Interest”), which leases are more particularly described on Exhibit A attached hereto and incorporated herein (the “Leases”); and

WHEREAS, Liberty, as consideration for the right to participate in the development of the Berea Sandstone Program and

other rights set forth herein, has agreed to carry a portion of Nytis’ costs in the Wells as set forth herein.

NOW, THEREFORE, for a good and valuable consideration, it is agreed between the parties as follows:



1.1 In addition to definitions set forth elsewhere herein, the following definitions shall apply in this Agreement:

“AFE” means an authorization for expenditure representing an estimate of work to be performed for a specific drilling,

completion or other operation.

“Approved Spacing Unit” means the unit described in the as-built plat that is used for division order purposes and submitted

to the Kentucky Division of Oil and Gas.


“Berea Sandstone Geologic Interval” means the geologic interval below the Sunbury Shale and above the Devonian Shale as

located in Brice Shepherd #1 from 1007 feet to 1162 feet.

“Contract Area” means the area extending one mile beyond the boundaries of the Leases in Boyd, Carter, Greenup and

Lawrence Counties, Kentucky, a general outline of which is attached for illustrative purposes only on Exhibit B attached hereto.

“Drilling and Completion Activities” means all activities and operations carried out by or on behalf of the parties related to

the Wells and under the terms and conditions of this Agreement, including, but not limited to, drilling, sidetracking, well control,

acquisition, transportation and installation of tubular goods, materials and equipment; surveying, constructing roads and surface


“Drilling and Completion Costs” means all costs incurred in connection with Drilling and Completion Activities, all of which

will be determined, and billed to the parties participating in such activities, pursuant to the Operating Agreement.

“Horizontal Well” means a well permitted and spudded with the intent to drill with at least 1500 feet of horizontal

displacement from the surface location.
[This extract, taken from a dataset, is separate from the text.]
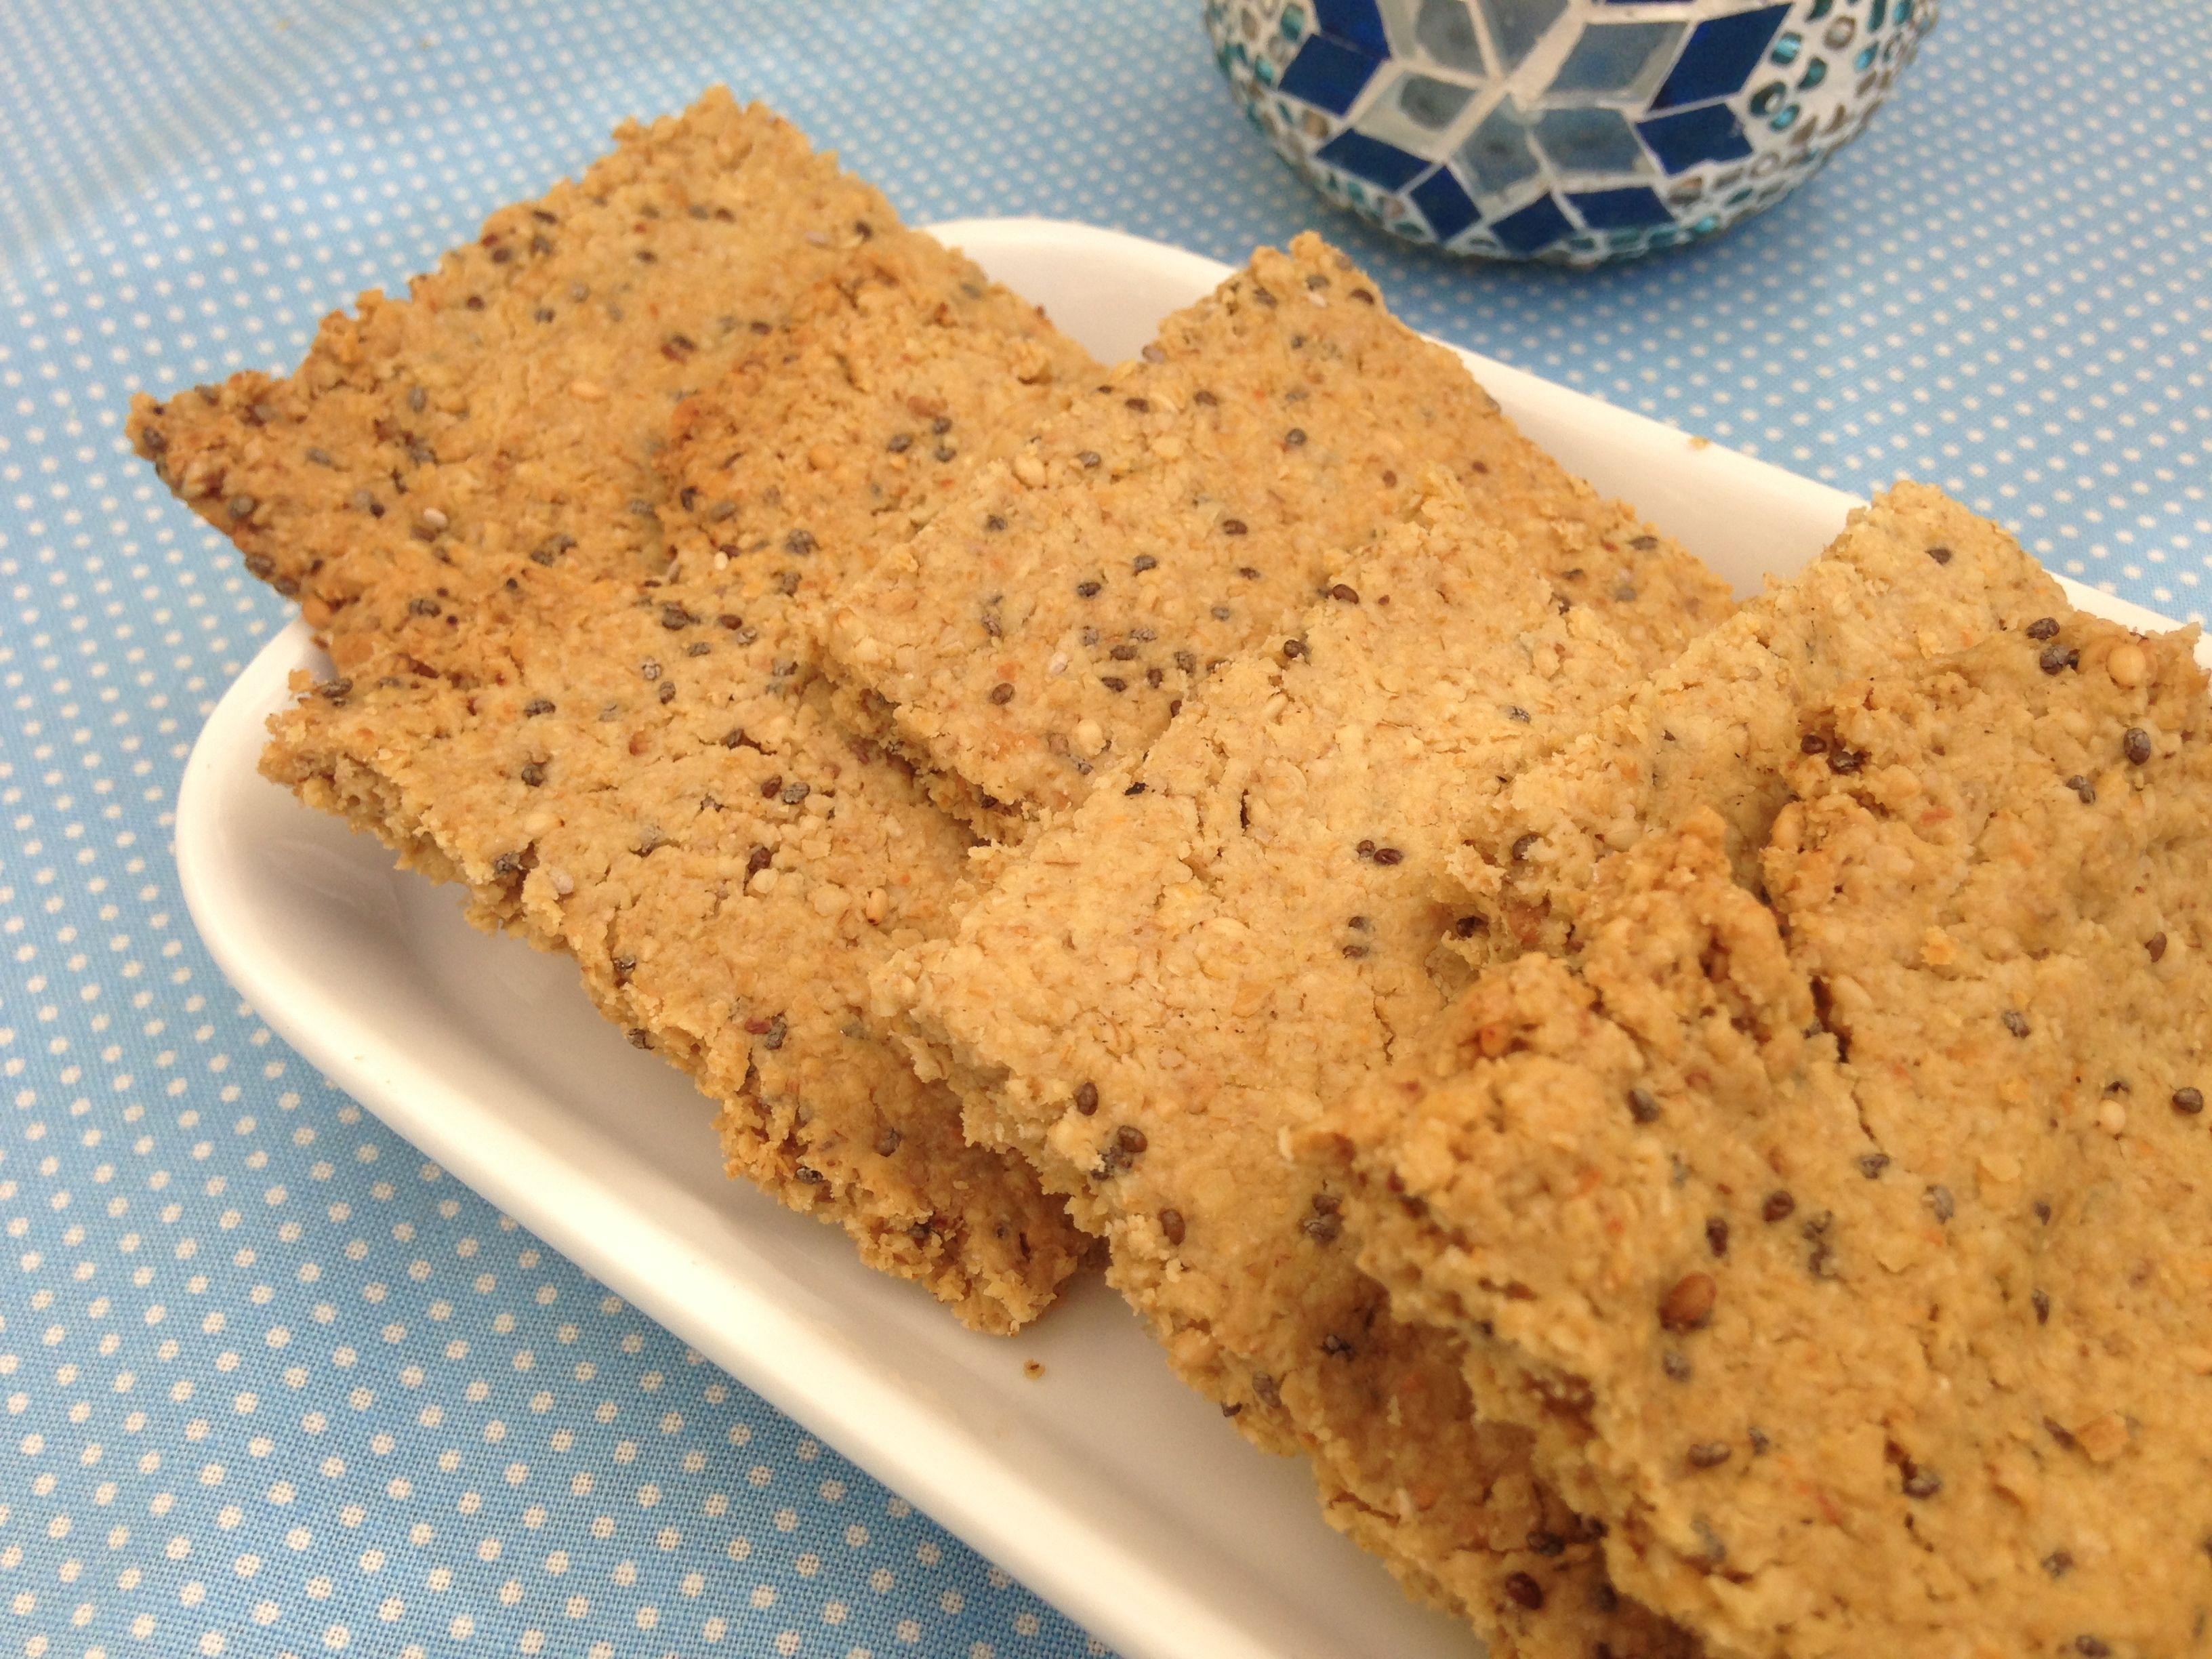 Receta de galletas saladas de avena con aceite de oliva y semillas. Usamos semillas de sésamo y semillas de chia. Un snack sano y rico.  IMPULSOR: POLVO DE HORNEAR O LEVADURA

If at any time the parties mutually agree to drill a well not intended to have significant

horizontal displacement under this Agreement, that well shall be counted as 1/3 of a Horizontal Well for the purpose of this Agreement.

“Operating Agreement” means the Operating Agreement in substantially the form of that attached hereto as Exhibit C,

together with the COPAS Accounting Procedure annexed thereto, and together with all Exhibits thereto.

“Operator” means Nytis or its assigns.

“Proportionately Reduced” means the pro rata reduction of the amount to be paid by Liberty and/or Nytis, as the case may be,

with respect to any Well and/or Lease in which Liberty and Nytis do not collectively own a 100% working interest, based on the actual

working interest owned by Liberty and Nytis, collectively, in such Well and/or Lease.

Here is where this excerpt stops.